▸ TO DO
Print the data below again in full, exactly as it stands, with no images.

▸ SUPPLIED INFORMATION
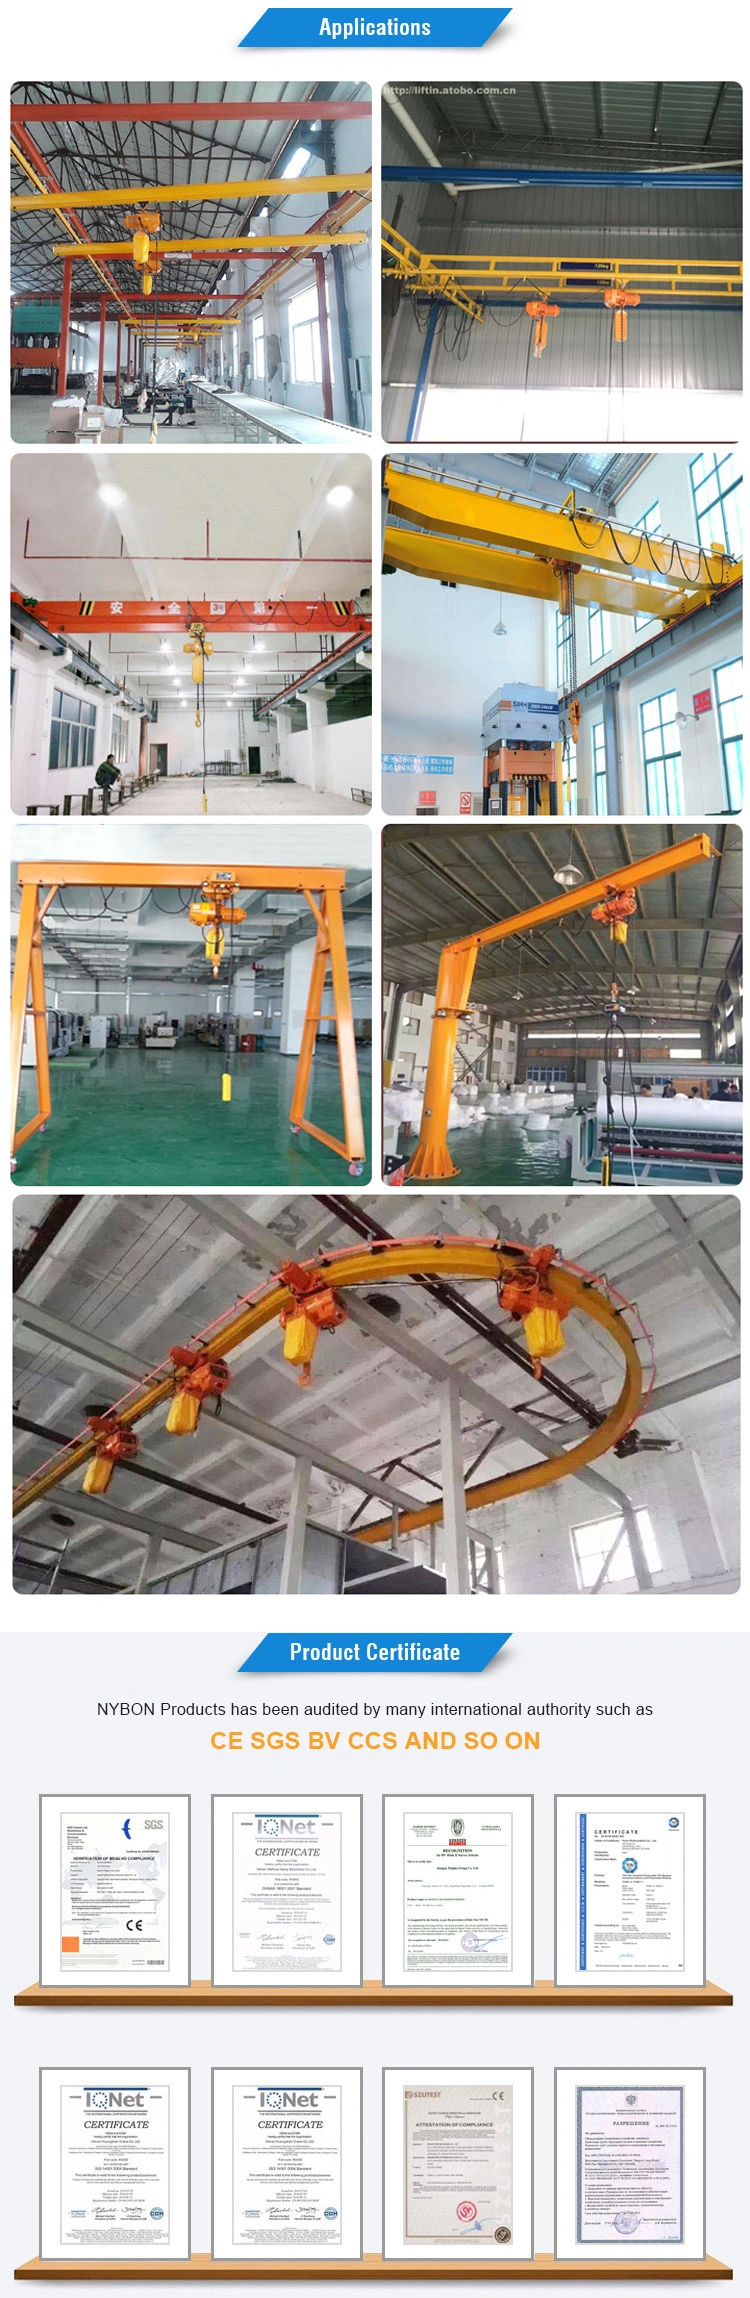 Hot Sale Portable 1.5 Ton Electric Chain Hoist for Lifting Cargo
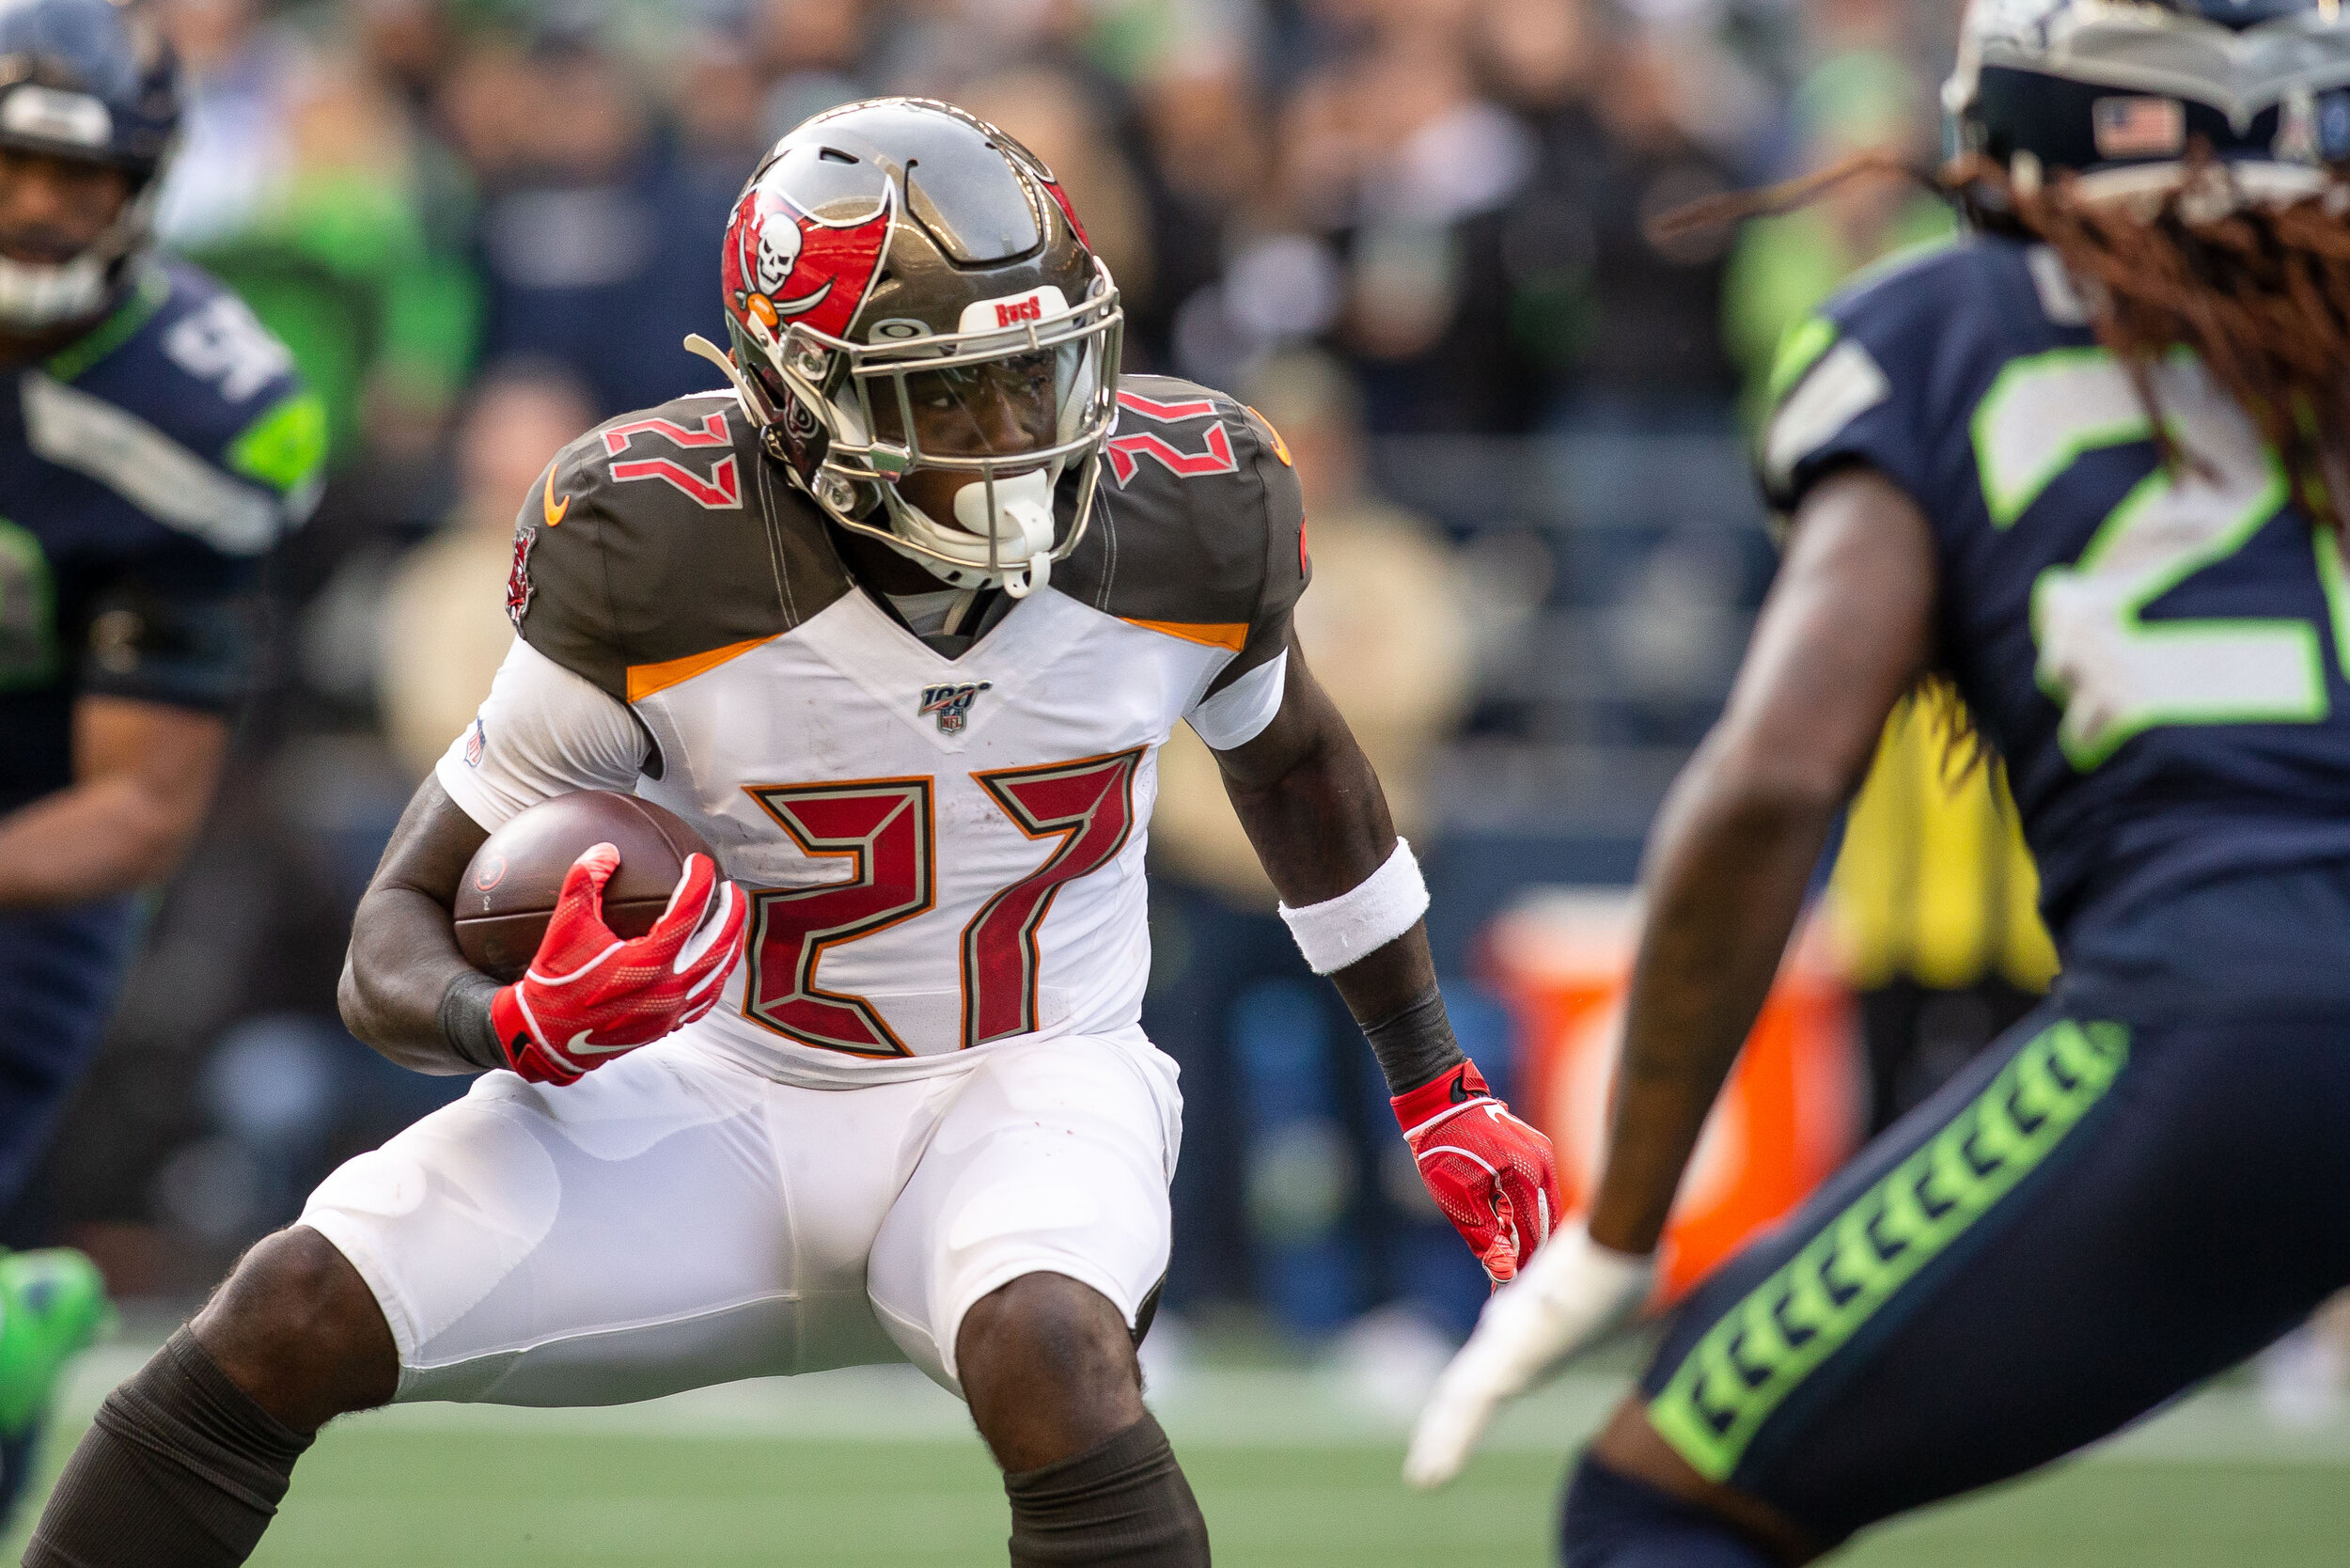  Tampa Bay Buccaneers running back Ronald Jones II (27) runs with the ball during the third quarter of an NFL football game against the Seattle Seahawks, Sunday, Nov. 3, 2019, in Seattle. Seattle defeated Tampa Bay 40-34 in overtime. (Matt Ferris/Ima
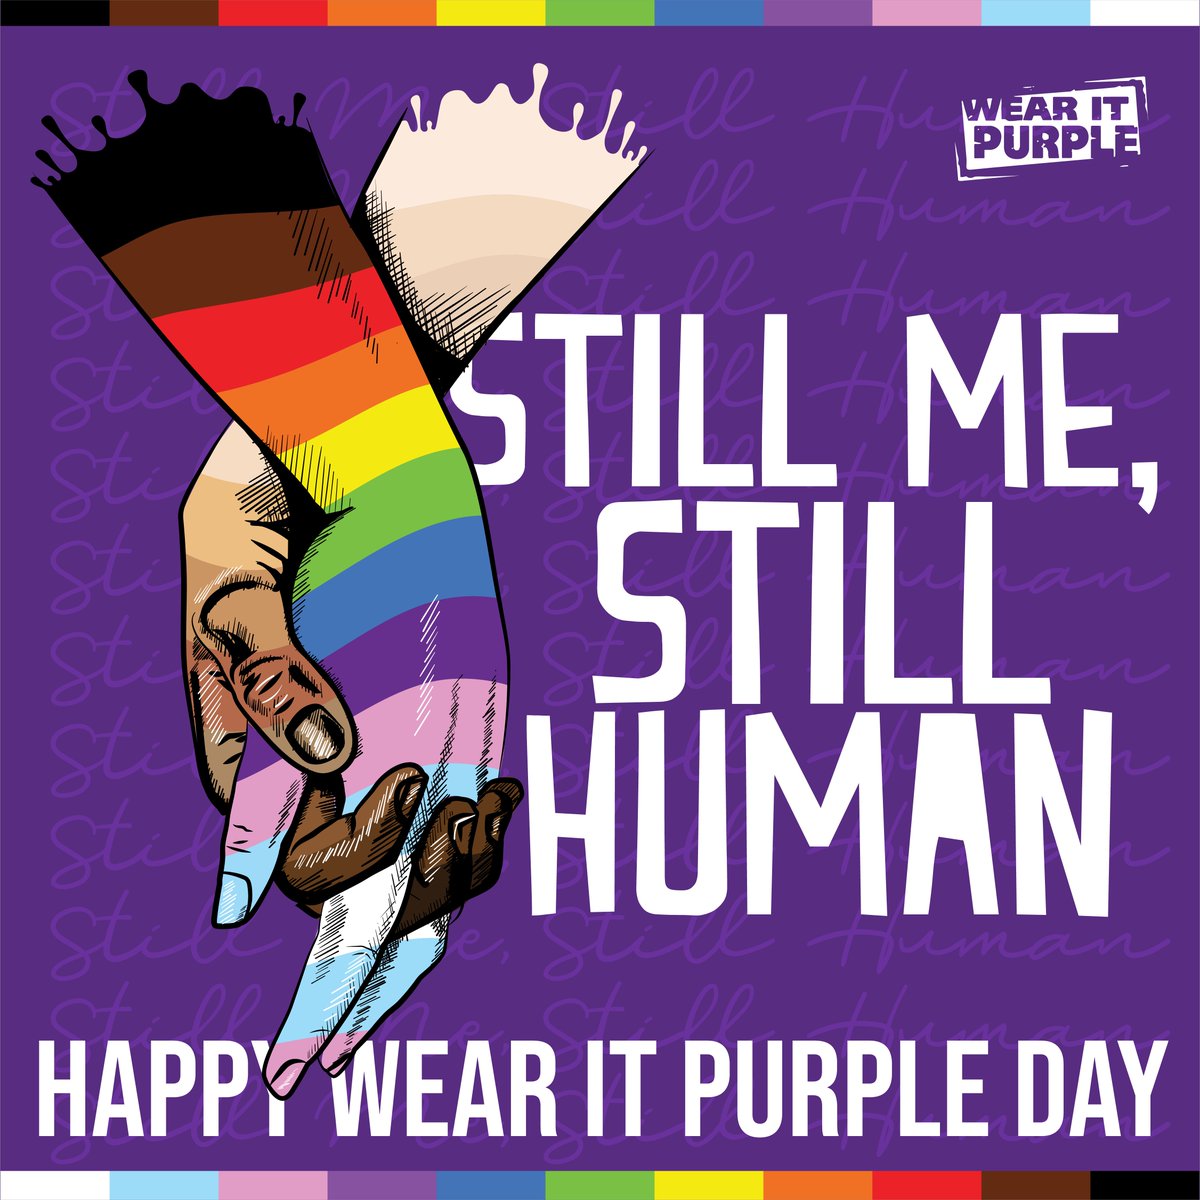 Monash Health is proud to support Wear it Purple Day on 26 August, and we encourage you to wear something purple tomorrow to help support the rights of young people in the LGBTI+ community.

▸ ANSWER SPACE
 Hot Sale Portable 1.5 Ton Electric Chain Hoist for Lifting Cargo
  Tampa Bay Buccaneers running back Ronald Jones II (27) runs with the ball during the third quarter of an NFL football game against the Seattle Seahawks, Sunday, Nov. 3, 2019, in Seattle. Seattle defeated Tampa Bay 40-34 in overtime. (Matt Ferris/Ima
 Monash Health is proud to support Wear it Purple Day on 26 August, and we encourage you to wear something purple tomorrow to help support the rights of young people in the LGBTI+ community.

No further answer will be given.